An ambulance rushed off with a teenage girl, her face bleeding after she was apparently hit by a police baton. Another four people were treated on the scene for the effects of tear gas.

Similar scenes of rage occurred at campuses in Jordan, notably at the University of Jordan where students clashed with police as they tried to march out of the compound in defiance of a ban on public protests.

Riot police entered the campus firing tear gas grenades and water cannons and clubbing hundreds of angry students who demanded that Jordan cut ties with Israel and open its borders to anti-Israeli fighters.

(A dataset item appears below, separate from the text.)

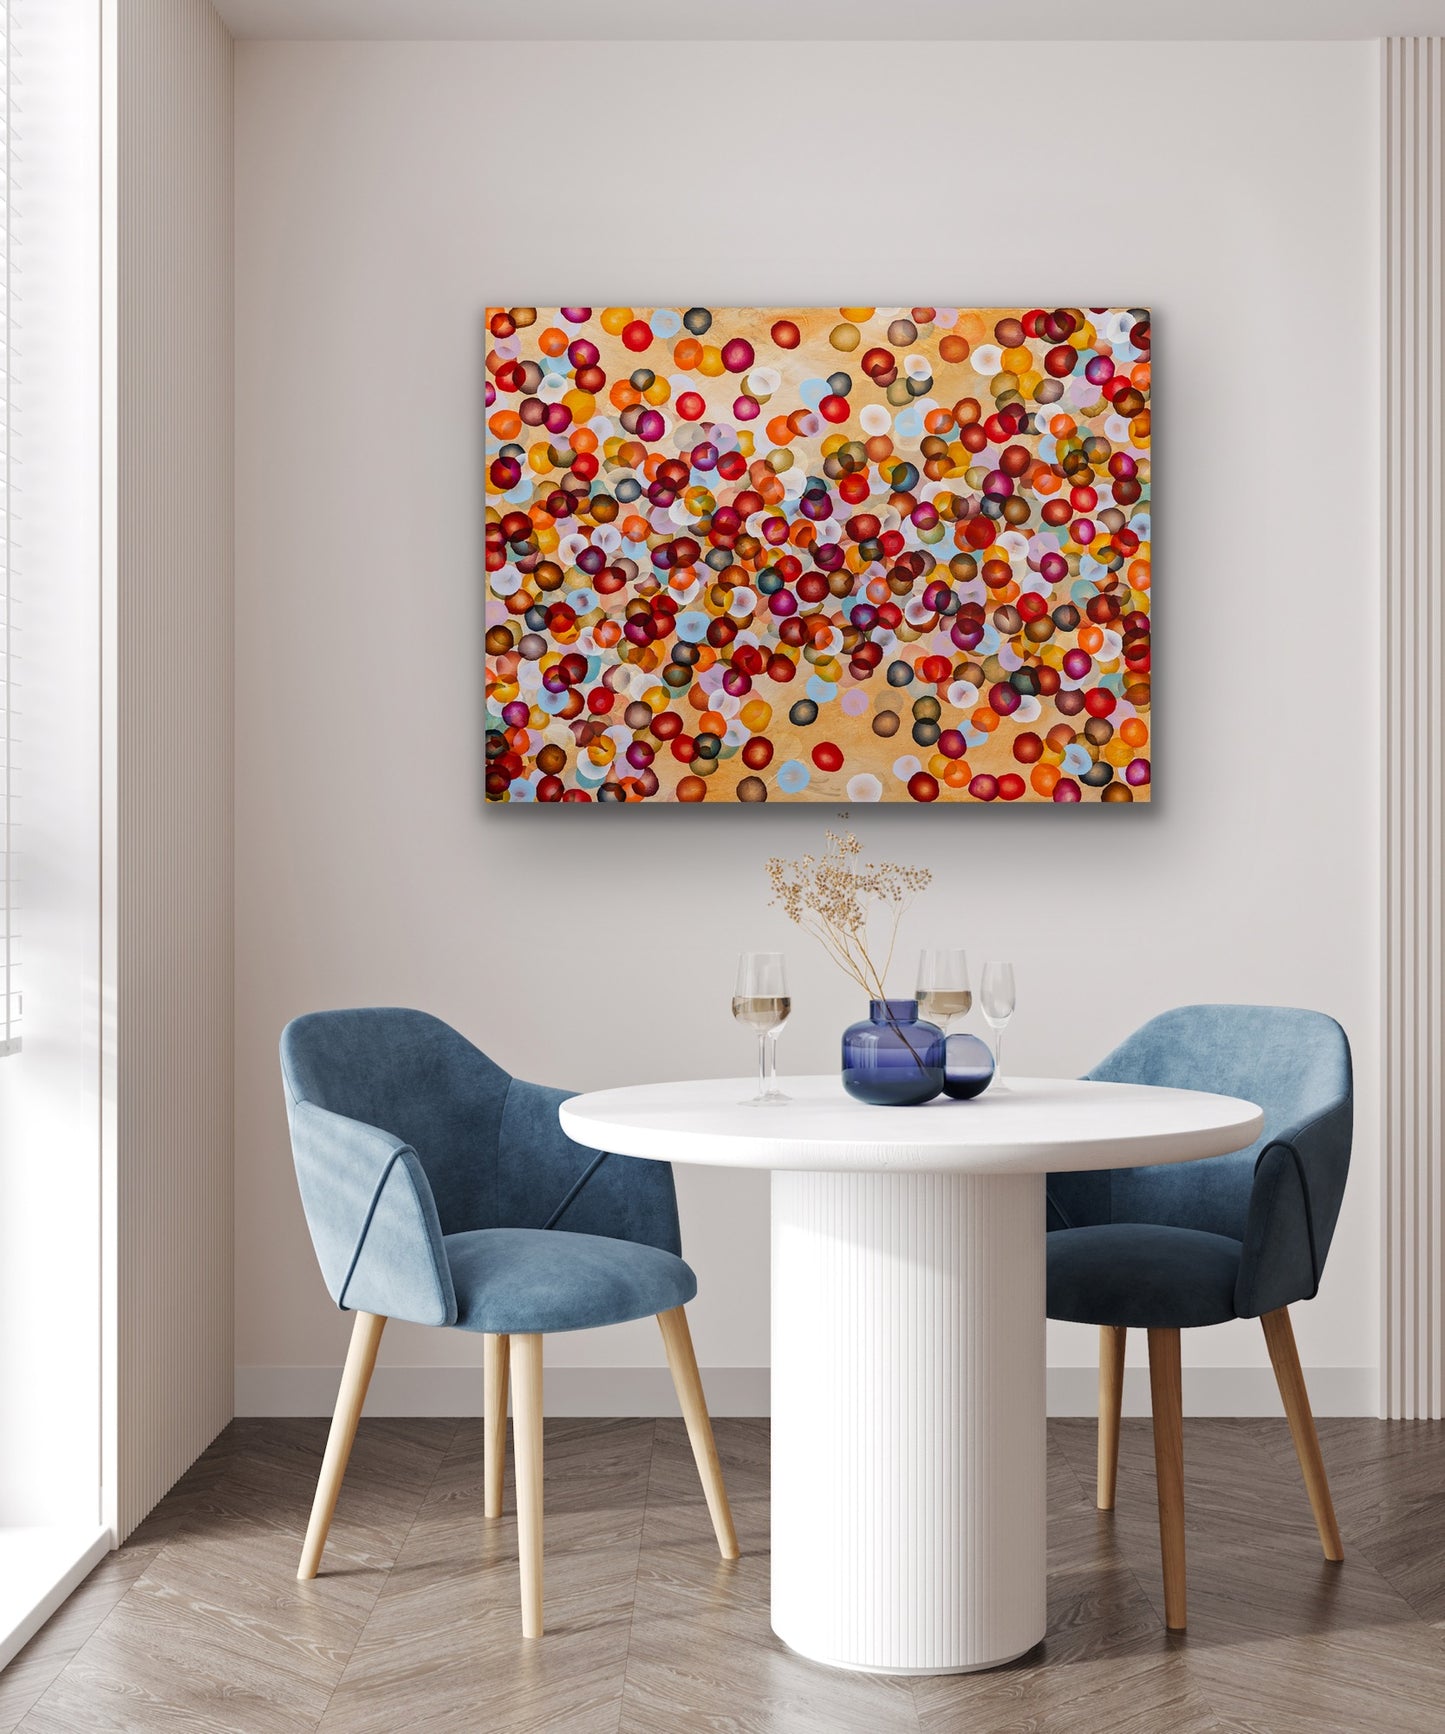 Bio Bloom Reef Flurry I – Large Original Abstract Painting Sealife Spring Colours

Police also surrounded the Palestinian refugee camps of Baqaa and Wihdat, to prevent demonstrations from spilling out and clashed with stone-throwing protesters in Wihdat.

“We had to close shop early because they were firing so much tear gas,” a merchant in Wihdat said.

Across the country, where nearly the half the population of five million is of Palestinian origin, thousands of people observed a six-hour strike called by political parties and professional unions.

“It is the least we can do for our brothers in Palestine,” the secretary general of the professional unions Mahmud Abu Ghanimeh said.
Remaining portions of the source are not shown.